Provides the generic function interestMeasure() and the methods to calculate various additional interest measures for existing sets of itemsets or rules.

Usage

interestMeasure(x, measure, transactions = NULL, reuse = TRUE, ...)

# S4 method for itemsets interestMeasure(x, measure, transactions = NULL, reuse = TRUE, ...)

# S4 method for rules interestMeasure(x, measure, transactions = NULL, reuse = TRUE, ...)

Value

If only one measure is used, the function returns a numeric vector containing the values of the interest measure for each association in the set of associations x.

If more than one measures are specified, the result is a data.frame containing the different measures for each association as columns.

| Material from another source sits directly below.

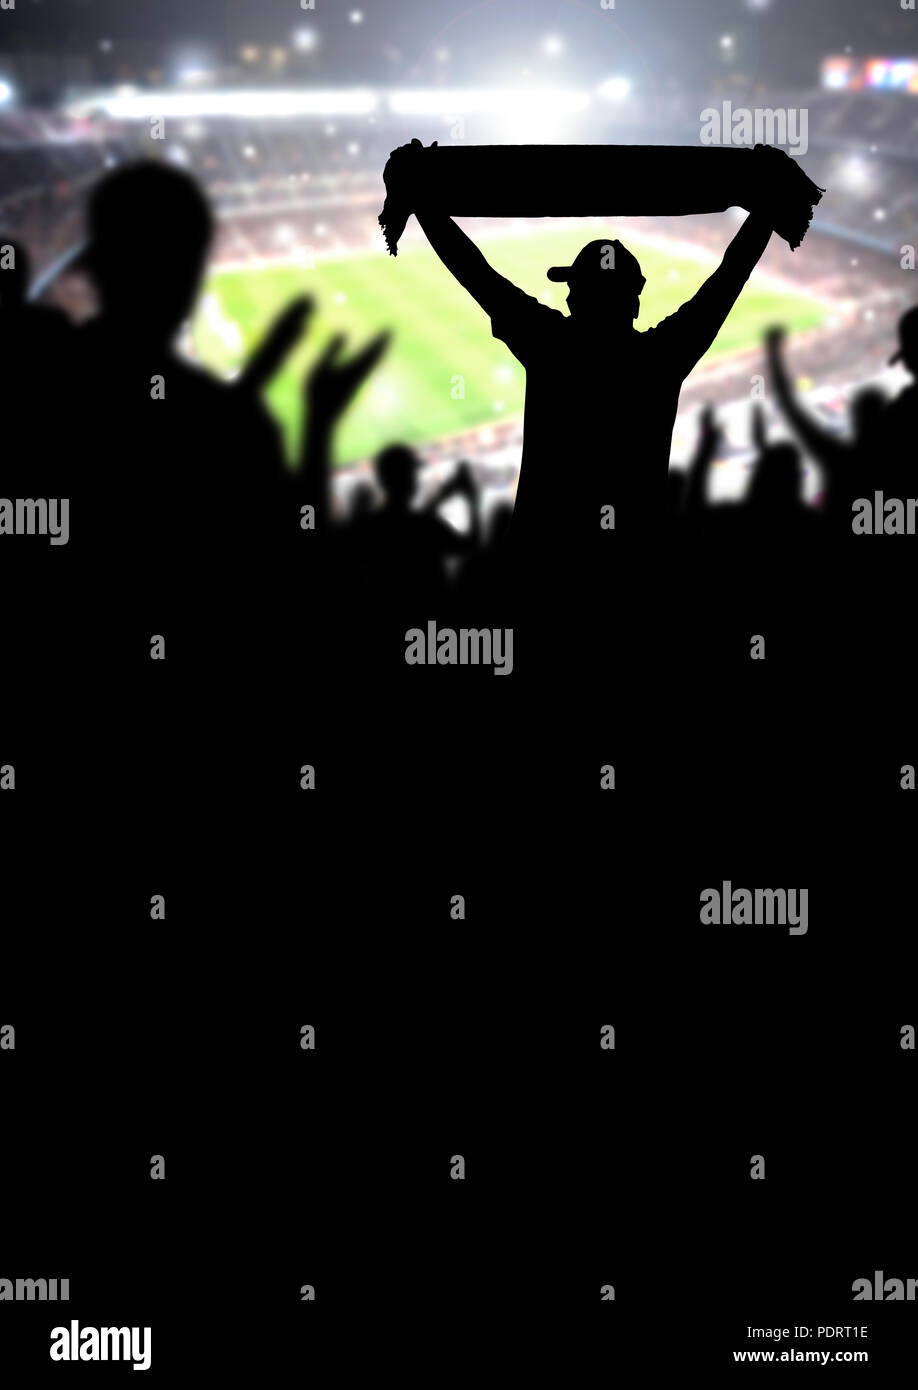 Fußball-Fans oder Fußball Menge Hintergrund. Silhouette Menschen im Stadion ansehen Spiel und übereinstimmen. Schwarz template Design für Event. Stockfoto
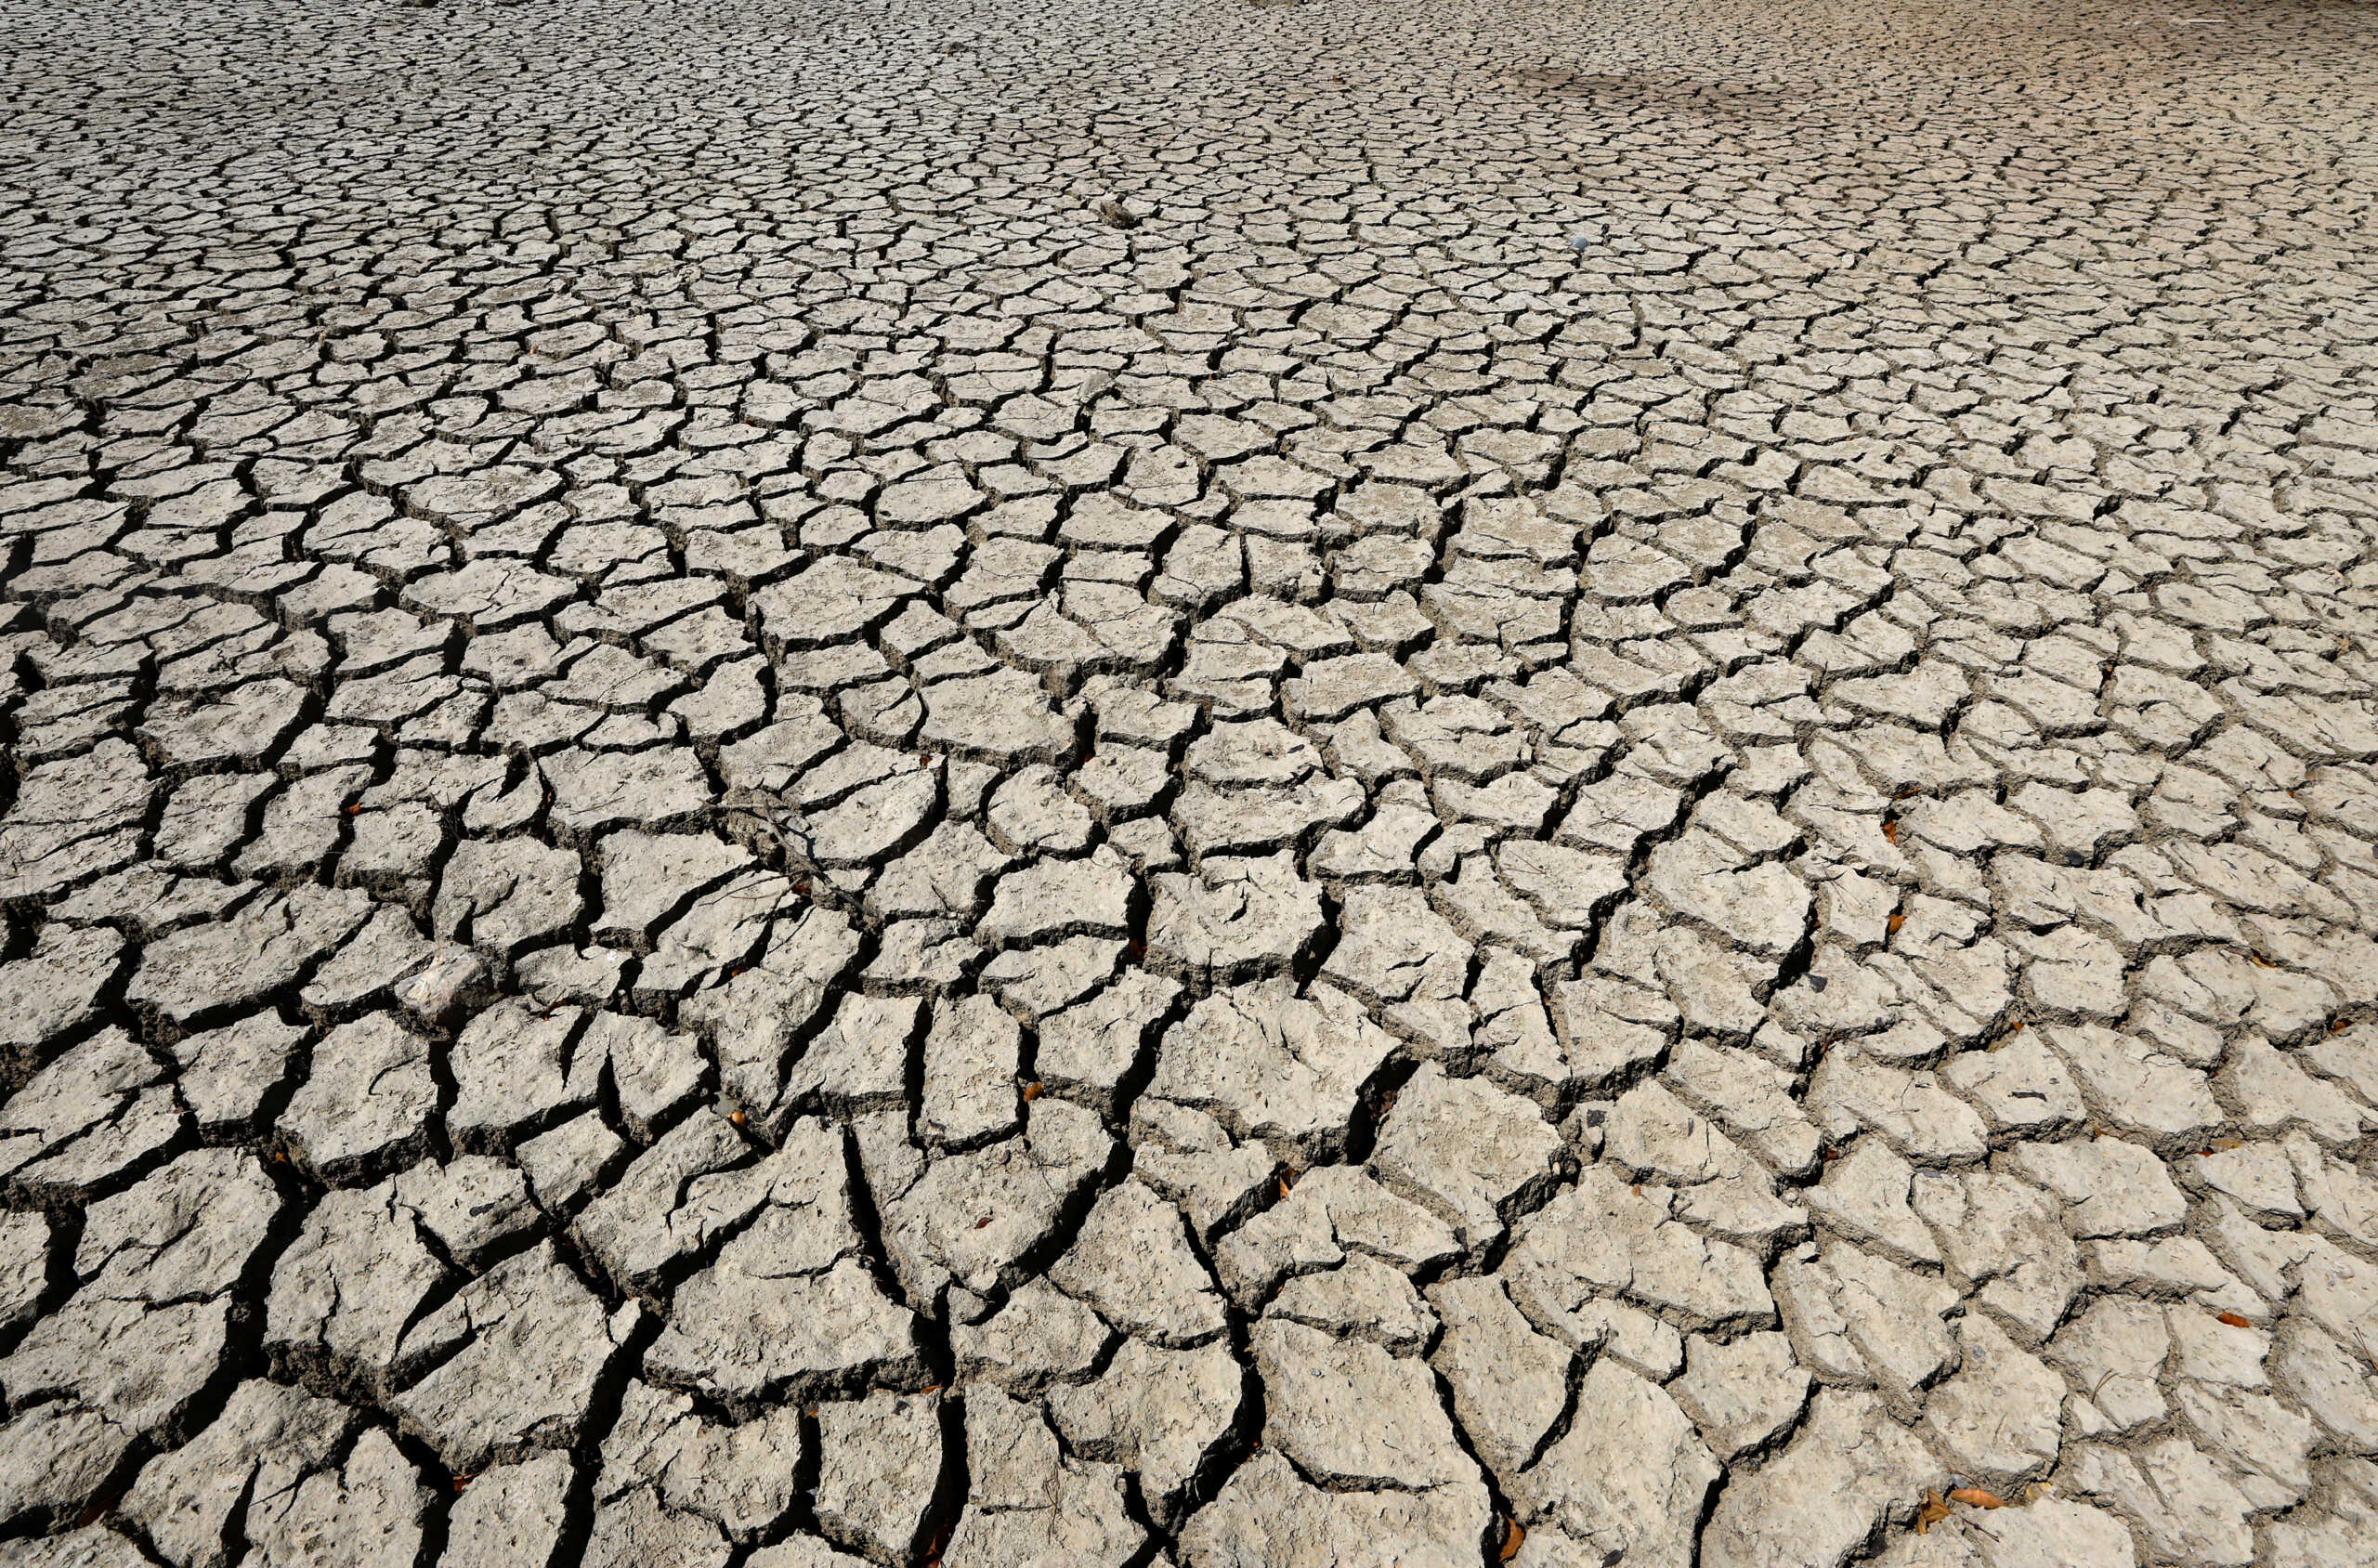 Ξηρασία: Μειώνεται η παροχή νερού στις δυτικές ΗΠΑ και στο Μεξικό

NA is returned for rules/itemsets for which a certain measure is not defined.

Arguments

x

a set of itemsets or rules.

measure

name or vector of names of the desired interest measures (see the Details section for available measures). If measure is missing then all available measures are calculated.

transactions

the transactions used to mine the associations or a set of different transactions to calculate interest measures from (Note: you need to set reuse = FALSE in the later case).

reuse

logical indicating if information in the quality slot should be reuse for calculating the measures. This speeds up the process significantly since only very little (or no) transaction counting is necessary if support, confidence and lift are already available. Use reuse = FALSE to force counting (might be very slow but is necessary if you use a different set of transactions than was used for mining).

...

further arguments for the measure calculation. Many measures are based on contingency table counts and zero counts can produce NaN values (division by zero). This issue can be resolved by using the additional parameter smoothCounts which performs additive smoothing by adds a "pseudo count" of smoothCounts to each cell in the contingency table. Use smoothCounts = 1 or larger values for Laplace smoothing. Use smoothCounts = .5 for Haldane-Anscombe correction (Haldan, 1940; Anscombe, 1956) which is often used for chi-squared, phi correlation and related measures.

Author

Michael Hahsler

Details

A searchable list of definitions, equations and references for all available interest measures can be found at https://mhahsler.github.io/arules/docs/measures. The descriptions are also linked in the list below.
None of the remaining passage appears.